Лешик хотел рассказать про то, что он уже умеет считать и писать, что хорошо рисует и лепит из пластилина... Лепит! Слово царапнуло память. Что-то там было такое связано с лепкой и почему-то с собакой? Лешик попытался вспомнить. Он пытался вылепить собачьи уши, правильные уши, не локаторы, но тут подошел какой-то мальчик и сначала сожрал его пирожное.

- Пап, я пирожное не ел, это все тот мальчик, - воскликнул Лешик, опасаясь, что сегодня ему придется обойтись без любимого безе с кремом. Он хотел сказать, что наверное, тому мальчику пирожные не покупали, раз он стянул его у Лешика, но вдруг вспомнил, что же произошло в кафе.

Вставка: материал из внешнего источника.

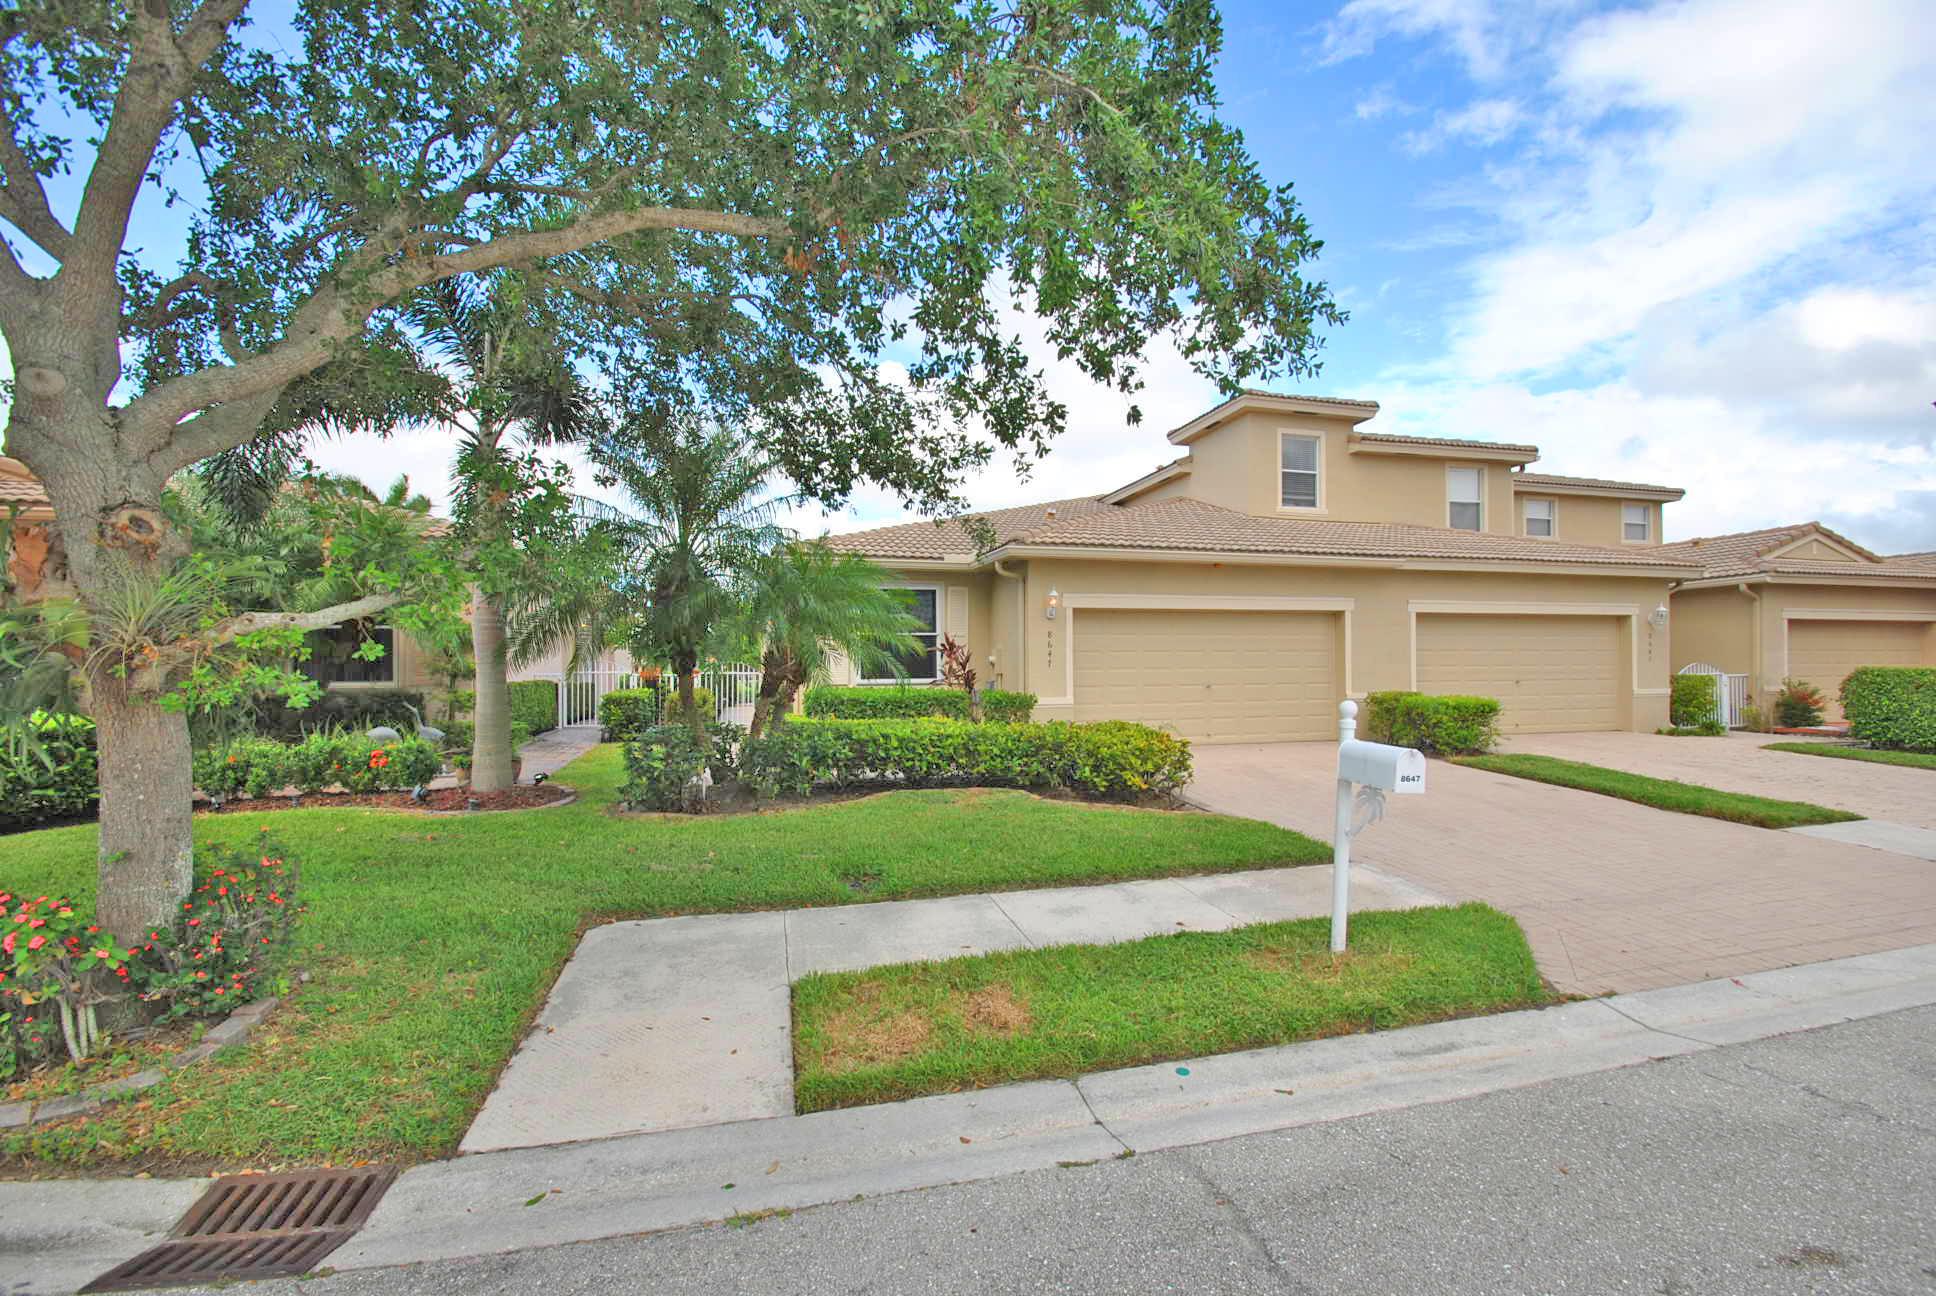 8647 Mangrove Cay For Rent - West Palm Beach, FL | Trulia

Незнакомый мальчик медленно, наслаждаясь, размазывал пластилиновые фигурки по полу. Лешик не понял, что с ним произошло, в голове что-то переключилось и он с громким воплем "сволота!" (так бабушка называла соседа, который воровал у нее кур) схватил большой стакан с великолепным молочным коктейлем и выплеснул сладкую жижу в физиономию обидчика. На штаны, туда, куда бить нельзя, потому что нечестно, Лешик плеснул воду из стакана, успев подумать, как жаль, что она чистая. Пока противник облизывался и пытался протереть глаза, Лешик быстро выковырял кистью акварельные краски и с огромным удовольствием, с боевым криком "получай, гнида!" (выражение, услышанное от деда, когда его укусила нутрия и дед с размаху швырнул ее в клетку) стал размазывать краски по светлому свитеру незнакомого мальчика. Противник заорал и попытался отбиться, но Лешик, озверев, почуяв запах победы (с тех пор, когда шкода удавалась, ему всегда чудился аромат молока с клубникой) пинал мальчика ногами, щипал, пару раз хотел укусить, но побрезговал и если бы не официантка Соня, которая крепко обхватила Лешика и унесла его в отцовский кабинет, неизвестно что бы успело произойти. Лешик - красный и возбужденный, орал и ругался а потом потерял сознание.

- Пап, я эту гниду сволочную наказал как следует! Он моих танкистов растоптал! - спокойно пояснил Лешик ошеломленному Аркадию, и добавил, - а коктейль я так и не выпил. Можно Соня мне еще один нальет? И пластилин надо купить. А этому козлине египетскому надо пластилина в ухи напихать, чтобы знал.

Лешик тарахтел, с каждым предложением вводя в свой лексикон слова, которые он не мог слышать, так думали наивные взрослые и высказывал все больше предложений по наказанию незнакомого пацана, разгромившего его подарок отцу. Аркадий ошеломленно молчал, не зная, радоваться ему или нет. Его сына, похоже, подменили.